The draft text of the just concluded COP26 is certainly a disappointment. However, one did not really have high expectations after seeing the statement which was issued after the G20 summit in Rome. The text of the G20 summit did not go beyond making a few perfunctory statements related to the Paris agreement and the development assistance of $ 100 billion per year from 2020 for five years. Regarding the target set in Paris, the text just mentioned that one remained committed to the Paris Agreement goal to hold the global average temperature increase well below 2o centigrade and to pursue efforts to limit it to 1.5o centigrade above pre-industrial levels. The point is: Could it be anything different once it was already agreed to in Paris in 2015? Similarly, on the issue of concessional finance of $ 100 billion a year, all that was mentioned was that the G20 countries recall and reaffirm the commitment made.

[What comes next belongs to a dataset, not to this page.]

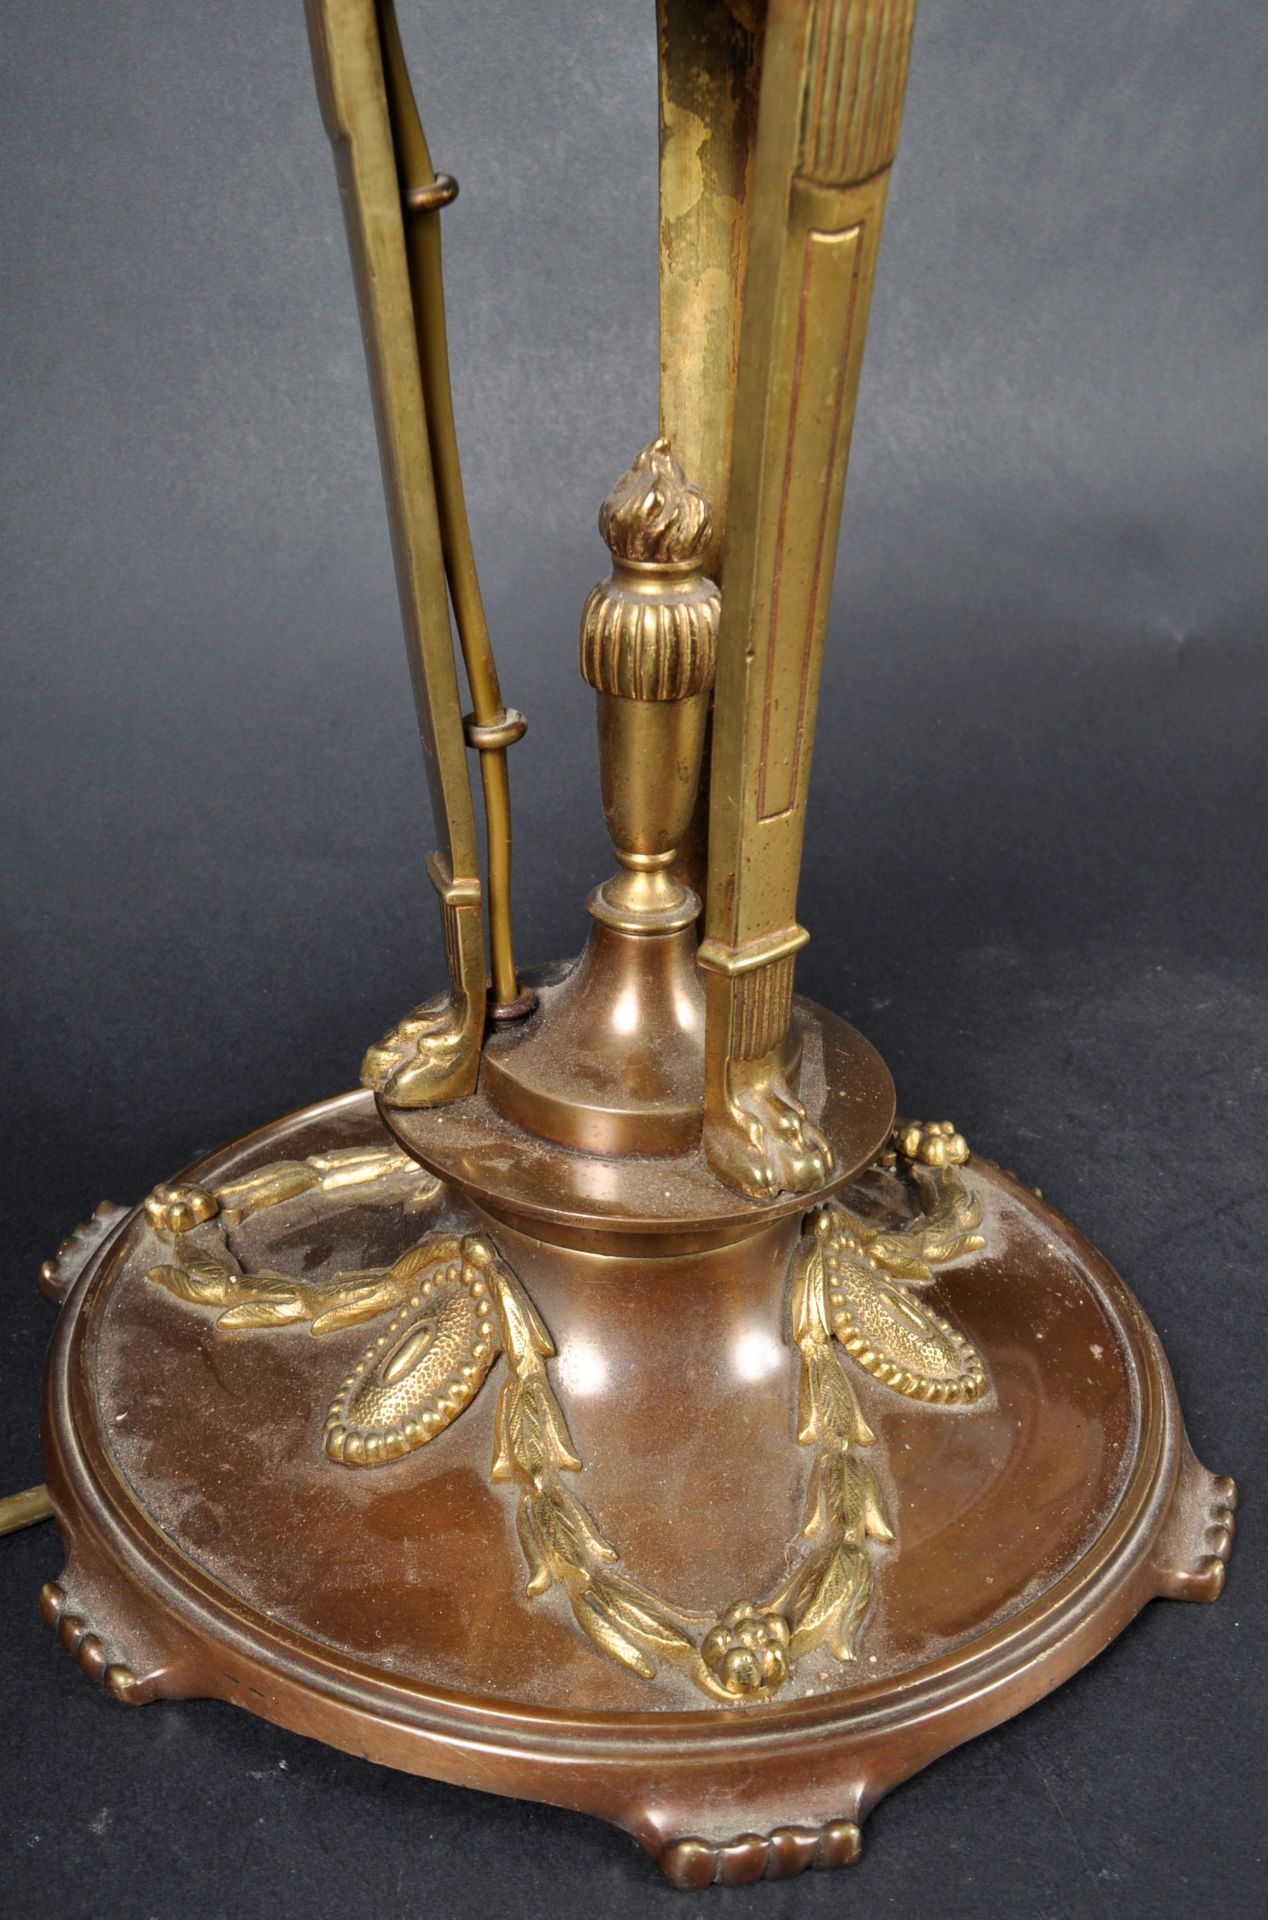 EDWARDIAN BRONZE AND ORMOLU DESK LAMP - Image 6 of 6

As was expected, the draft text of the COP26 meeting has again shown that the developed world is not too keen to address the issue of concessional finance of $ 100 billion per year which was to be made available by 2020. It also seems to be silent on the issue of the developed world reaching net-zero well before 2050 considering that their carbon emissions peaked long back. The text also mentions that fossil-fuel subsidies will be “phased out” though it seems that it has now been agreed to replace “phase out” by “phase down”, apparently at India’s insistence. A major gain, however, as far as India is concerned is that old carbon credits earned after 2013 under the Kyoto Protocol can be traded at least till 2025.

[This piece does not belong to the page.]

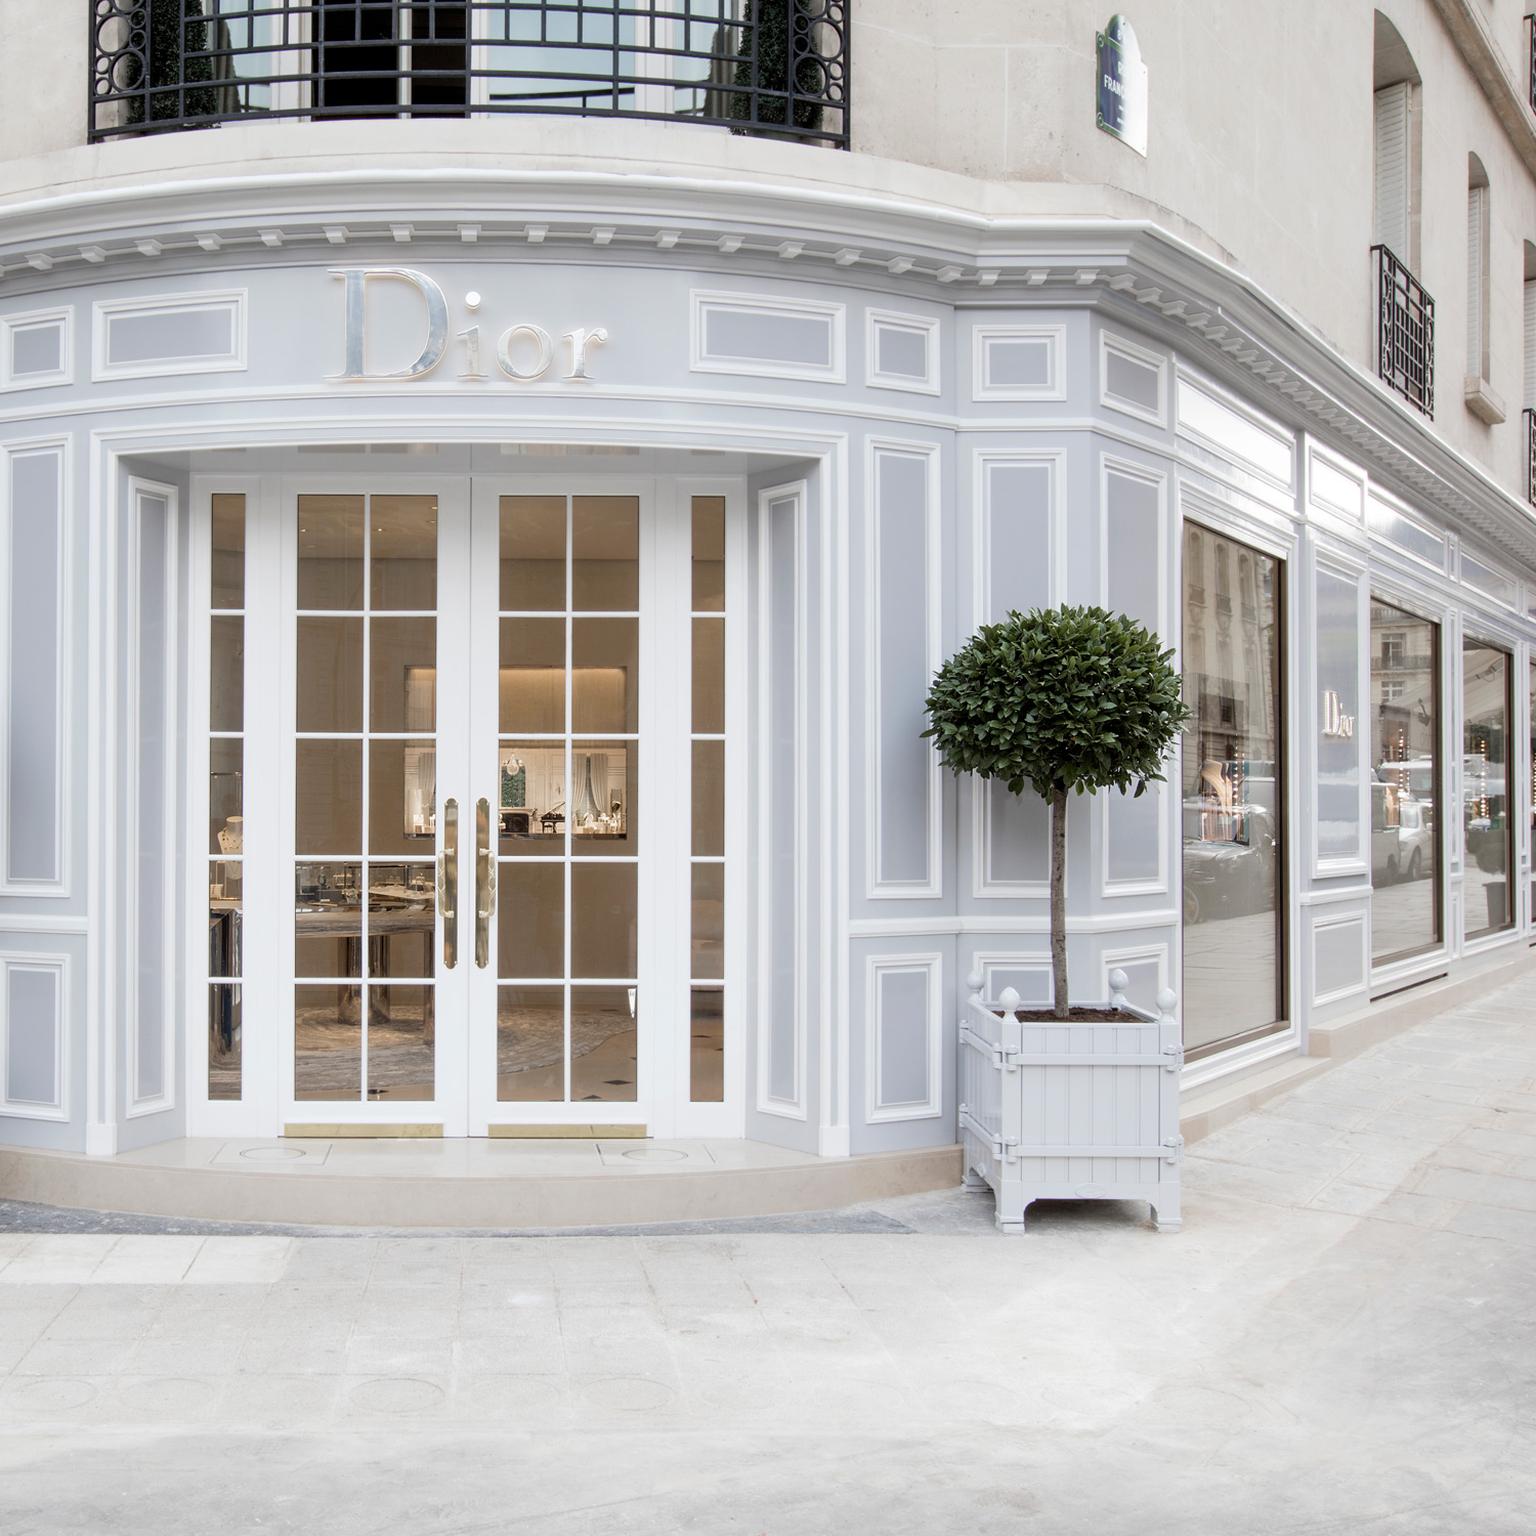 Luxury Boutique of Louis Vuitton at Montaigne avenue in Paris

One needs to be practical on how to deal with this climate crisis. Instead of creating a brouhaha regarding who has emitted how much in the past, one needs to work out a solution on how to allocate the available carbon space henceforth. As far as the available space is concerned, there are several estimates which vary in quantum, though there is no disagreement across the board that available space is limited. To estimate the available space, one has to go through several calculations and there are vagaries to deal with at every stage.

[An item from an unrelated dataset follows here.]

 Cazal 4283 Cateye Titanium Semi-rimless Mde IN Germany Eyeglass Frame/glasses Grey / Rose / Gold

To begin with, gross emissions calculations are not reliable because it is noted that some countries underreport their figures, which, in any case, are calculated on a normative basis. Thereafter, we need to calculate net emissions for which we need to deduct the emissions absorbed by forests and the oceans. Ballpark figures say that about 50 per cent of the emissions are absorbed, though there is no definite figure. Next, we need to know the quantitative relationship between carbon dioxide deposits in the atmosphere and the rise in temperature on the earth’s surface. Unfortunately, there are several estimates for this and to make things worse, some studies have even questioned the direction of causality, that is, whether carbon dioxide emissions cause temperatures to rise or is it the other way around.
To come back to the issue of available space, developed countries have already used up much of the space in the past and are at reasonably high levels of energy consumption, at least in per capita terms. In contrast, developing countries (including India) consume much less in per capita terms and it is only natural that they too get the opportunity to enhance their standard of living which would entail higher energy consumption.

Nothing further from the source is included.